In conclusion: no sorting algorithm is always optimal. Choose whichever one suits your needs. If you need an algorithm that is the quickest for most cases, and you don't mind it might end up being a bit slow in rare cases, and you don't need a stable sort, use Quicksort. Otherwise, use the algorithm that suits your needs better.

In one of the programming tutorials at my university, we asked students to compare the performance of quicksort, mergesort, insertion sort vs. Python's built-in list.sort (called Timsort). The experimental results surprised me deeply since the built-in list.sort performed so much better than other sorting algorithms, even with instances that easily made quicksort, mergesort crash. So it's premature to conclude that the usual quicksort implementation is the best in practice. But I'm sure there much better implementation of quicksort, or some hybrid version of it out there.

This is a nice blog article by David R. MacIver explaining Timsort as a form of adaptive mergesort.

I think one of the main reasons why QuickSort is so fast compared with other sorting algorithms is because it's cache-friendly. When QS processes a segment of an array, it accesses elements at the beginning and end of the segment, and moves towards the center of the segment.

So, when you start, you access the first element in the array and a piece of memory (“location”) is loaded into the cache. And when you try to access the second element, it's (most likely) already in the cache, so it's very fast.

Other algorithms like heapsort don't work like this, they jump in the array a lot, which makes them slower.

Others have already said that the asymptotic average runtime of Quicksort is better (in the constant) than that of other sorting algorithms (in certain settings).

What does that mean? Assume any permutation is chosen at random (assuming uniform distribution). In this case, typical pivot selection methods provide pivots that in expectation divide the list/array roughly in half; that is what brings us down to $\cal{O}(n \log n)$. But, additionally, merging partial solutions obtained by recursing takes only constant time (as opposed to linear time in case of Mergesort). Of course, separating the input in two lists according to the pivot is in linear time, but it often requires few actual swaps.

Note that there are many variants of Quicksort (see e.g. Sedgewick's dissertation). They perform differently on different input distributions (uniform, almost sorted, almost inversely sorted, many duplicates, ...), and other algorithms might be better for some.

Another fact worth noting is that Quicksort is slow on short inputs compared to simper algorithms with less overhead. Therefore, good libraries do not recurse down to lists of length one but will use (for example) insertion sort if input length is smaller than some $k \approx 10$.

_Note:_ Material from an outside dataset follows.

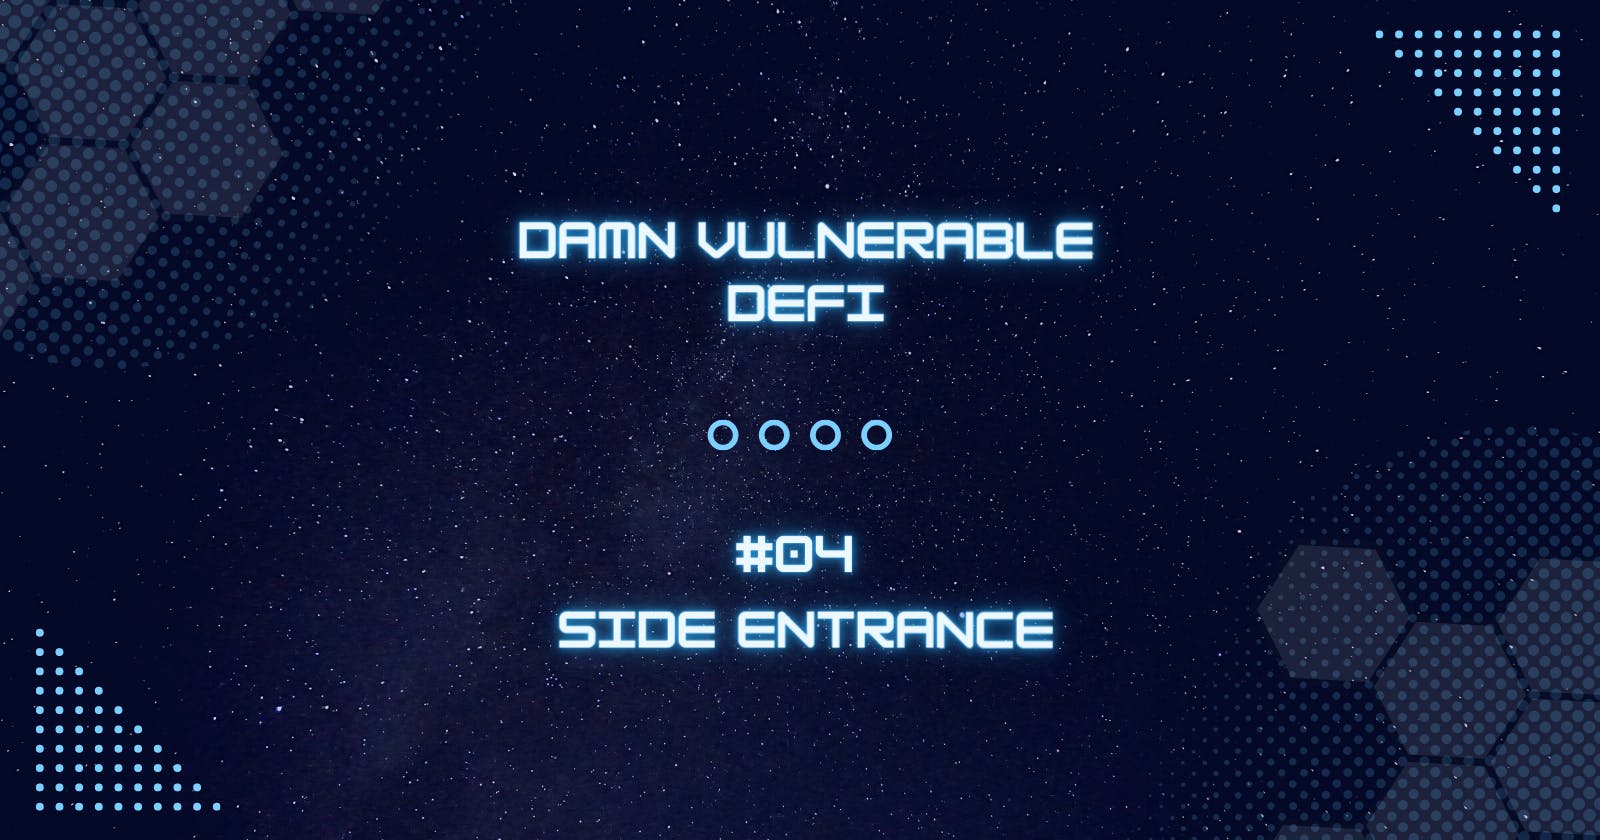 Side Entrance - Damn Vulnerable DeFi #04

In comparison to other comparison-based sorting algorithms with $O(n \lg n)$ time complexity, quick-sort is often considered to better than other algorithms like merge-sort because it is an in-place sorting algorithm. In other words, we don't need (much more) memory to store the members of the array.

ps: to be precise, being better than other algorithms is task dependent. For some tasks it might be better to use other sorting algorithms.

See also:

Even though quick-sort has a worst case run time of $\Theta(n^2)$, quicksort is considered the best sorting because it is VERY efficient on the average: its expected running time is $\Theta(n\log n)$ where the constants are VERY SMALL compared to other sorting algorithms. This is the main reason for using quick sort over other sorting algorithms.

The second reason is that it performs in-place sorting and works very well with virtual-memory environments.

UPDATE: : (After Janoma's and Svick's comments)

To illustrate this better let me give an example using Merge Sort (because Merge sort is the next widely adopted sort algorithm after quick sort, I think) and tell you where the extra constants come from (to the best of my knowledge and why I think Quick sort is better):

Consider the following seqence:

12,30,21,8,6,9,1,7. The merge sort algorithm works as follows:

(a) 12,30,21,8    6,9,1,7  //divide stage
(b) 12,30   21,8   6,9   1,7   //divide stage
(c) 12   30   21   8   6   9   1   7   //Final divide stage
(d) 12,30   8,21   6,9   1,7   //Merge Stage
(e) 8,12,21,30   .....     // Analyze this stage

If you care fully look how the last stage is happening, first 12 is compared with 8 and 8 is smaller so it goes first. Now 12 is AGAIN compared with 21 and 12 goes next and so on and so forth. If you take the final merge i.e. 4 elements with 4 other elements, it incurs a lot of EXTRA comparisons as constants which is NOT incurred in Quick Sort. This is the reason why quick sort is preferred.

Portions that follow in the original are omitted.